I can see that TDS uncompress these files to the temp data location,
my question is that if TDS cleans up these temp files, which leads to
the work to decompress them next time and hence the subsequent
slowness? If so, is there a way to keep the cache there permanently?
Or, perhaps the faster response right after the first access is due to
in memory cache?
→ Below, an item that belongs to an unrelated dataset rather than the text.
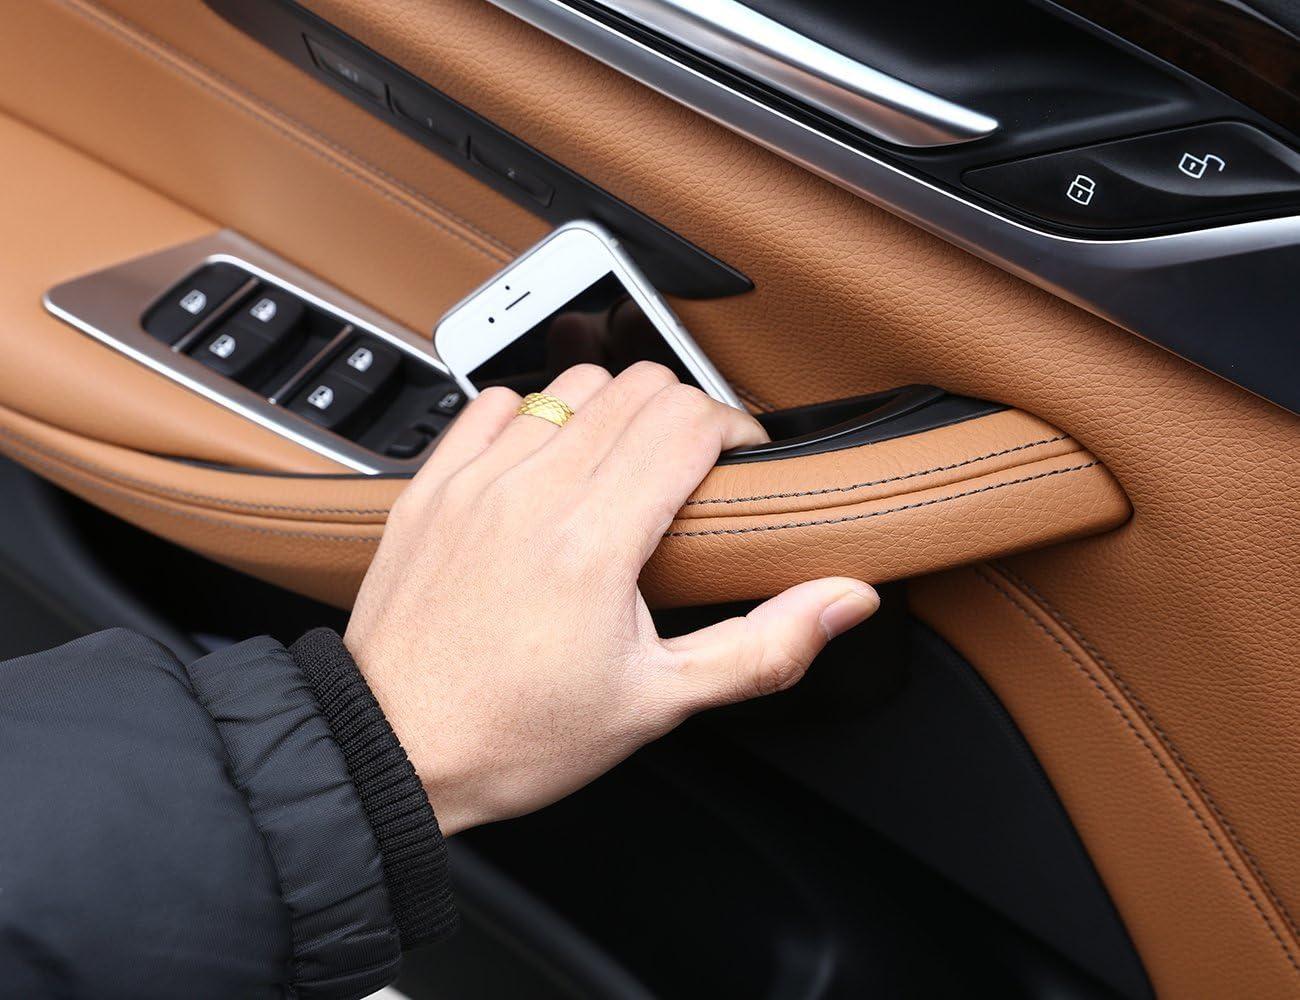 2PC front door Car Door Storage Box Phone Tray Accessories For BMW 5 Series G30 2018

Any configuration I could twist the cache?
Thanks,
-Jerry Pan
Hi Jerry:
Yes, compressed files are uncompressed the first time they are seen, and
likely thats why you see the slowdown.
To control how these files are cached, see:
http://www.unidata.ucar.edu/projects/THREDDS/tech/tds4.2/reference/ThreddsConfigXMLFile.html#DiskCache
I would suggest that you use
<*DiskCache*>
<*alwaysUse*>true</alwaysUse>
<*scour*>1 hour</scour>
<*maxSize*>10 Gb</maxSize>
</DiskCache>
and choose maxSize carefully. The default directory is
{tomcat}/content/thredds/cache/cdm/ by default, or set it in the above xml.
monitor the cache directory closely to see what files are uncompressed,
perhaps test accessing the datasets with and without compression and
time the difference.
esentially this is a space / time tradeoff. I assume you dont want to
store the files uncompressed, so you have to pay the price of that. The
trick is to make maxSize big enough to keep the "working set"
uncompressed, ie if there is a reletively small "hot" set of files that
get accessed a lot, you want to give enough cache space to keep them
uncompressed.
John